▼▼▼
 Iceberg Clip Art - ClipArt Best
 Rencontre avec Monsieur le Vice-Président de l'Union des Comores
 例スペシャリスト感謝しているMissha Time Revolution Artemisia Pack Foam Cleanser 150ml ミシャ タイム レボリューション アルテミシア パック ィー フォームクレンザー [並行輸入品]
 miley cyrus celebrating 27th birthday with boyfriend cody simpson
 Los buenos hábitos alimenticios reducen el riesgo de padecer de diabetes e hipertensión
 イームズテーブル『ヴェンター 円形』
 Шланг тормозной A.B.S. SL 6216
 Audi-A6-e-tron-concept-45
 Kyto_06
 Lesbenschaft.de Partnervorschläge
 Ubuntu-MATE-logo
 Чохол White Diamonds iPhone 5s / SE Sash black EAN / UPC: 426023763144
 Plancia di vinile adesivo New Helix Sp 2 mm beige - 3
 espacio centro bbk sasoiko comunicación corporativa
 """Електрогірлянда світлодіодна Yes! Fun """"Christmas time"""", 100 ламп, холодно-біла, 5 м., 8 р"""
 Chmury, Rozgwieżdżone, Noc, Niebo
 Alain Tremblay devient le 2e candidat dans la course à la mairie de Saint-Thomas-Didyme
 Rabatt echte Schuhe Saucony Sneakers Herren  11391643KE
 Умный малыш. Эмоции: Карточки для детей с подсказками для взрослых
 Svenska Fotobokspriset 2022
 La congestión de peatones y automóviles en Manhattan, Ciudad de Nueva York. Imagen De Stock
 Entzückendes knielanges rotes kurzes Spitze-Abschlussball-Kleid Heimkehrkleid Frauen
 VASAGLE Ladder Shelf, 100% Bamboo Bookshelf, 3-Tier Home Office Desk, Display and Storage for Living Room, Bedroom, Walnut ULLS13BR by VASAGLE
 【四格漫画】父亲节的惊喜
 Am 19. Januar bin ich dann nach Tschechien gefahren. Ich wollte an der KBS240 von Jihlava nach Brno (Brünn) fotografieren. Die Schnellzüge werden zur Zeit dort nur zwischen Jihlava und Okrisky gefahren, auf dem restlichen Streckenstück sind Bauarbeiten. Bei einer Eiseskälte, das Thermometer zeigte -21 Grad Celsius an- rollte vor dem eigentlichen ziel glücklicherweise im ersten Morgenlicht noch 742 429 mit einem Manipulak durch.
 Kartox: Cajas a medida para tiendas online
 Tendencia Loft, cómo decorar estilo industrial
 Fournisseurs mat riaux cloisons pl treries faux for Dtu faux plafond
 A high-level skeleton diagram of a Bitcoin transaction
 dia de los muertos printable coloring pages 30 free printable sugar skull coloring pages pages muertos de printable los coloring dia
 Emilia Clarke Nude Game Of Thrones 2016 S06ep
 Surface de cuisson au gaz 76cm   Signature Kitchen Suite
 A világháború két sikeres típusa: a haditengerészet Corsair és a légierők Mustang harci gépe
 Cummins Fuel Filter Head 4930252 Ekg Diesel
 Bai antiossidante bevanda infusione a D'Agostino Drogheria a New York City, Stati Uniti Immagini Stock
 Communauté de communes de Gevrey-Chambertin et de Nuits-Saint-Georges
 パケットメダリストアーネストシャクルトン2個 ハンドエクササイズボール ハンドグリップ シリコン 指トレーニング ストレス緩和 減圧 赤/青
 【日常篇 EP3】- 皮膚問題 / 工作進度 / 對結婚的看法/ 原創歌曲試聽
▲▲▲
_Task requirements_
Everything from the line containing "Cummins Fuel Filter Head 4930252 Ekg Diesel" to the last line of the entries above should be quoted exactly, and only that.

_Solution below_
 Cummins Fuel Filter Head 4930252 Ekg Diesel
 Bai antiossidante bevanda infusione a D'Agostino Drogheria a New York City, Stati Uniti Immagini Stock
 Communauté de communes de Gevrey-Chambertin et de Nuits-Saint-Georges
 パケットメダリストアーネストシャクルトン2個 ハンドエクササイズボール ハンドグリップ シリコン 指トレーニング ストレス緩和 減圧 赤/青
 【日常篇 EP3】- 皮膚問題 / 工作進度 / 對結婚的看法/ 原創歌曲試聽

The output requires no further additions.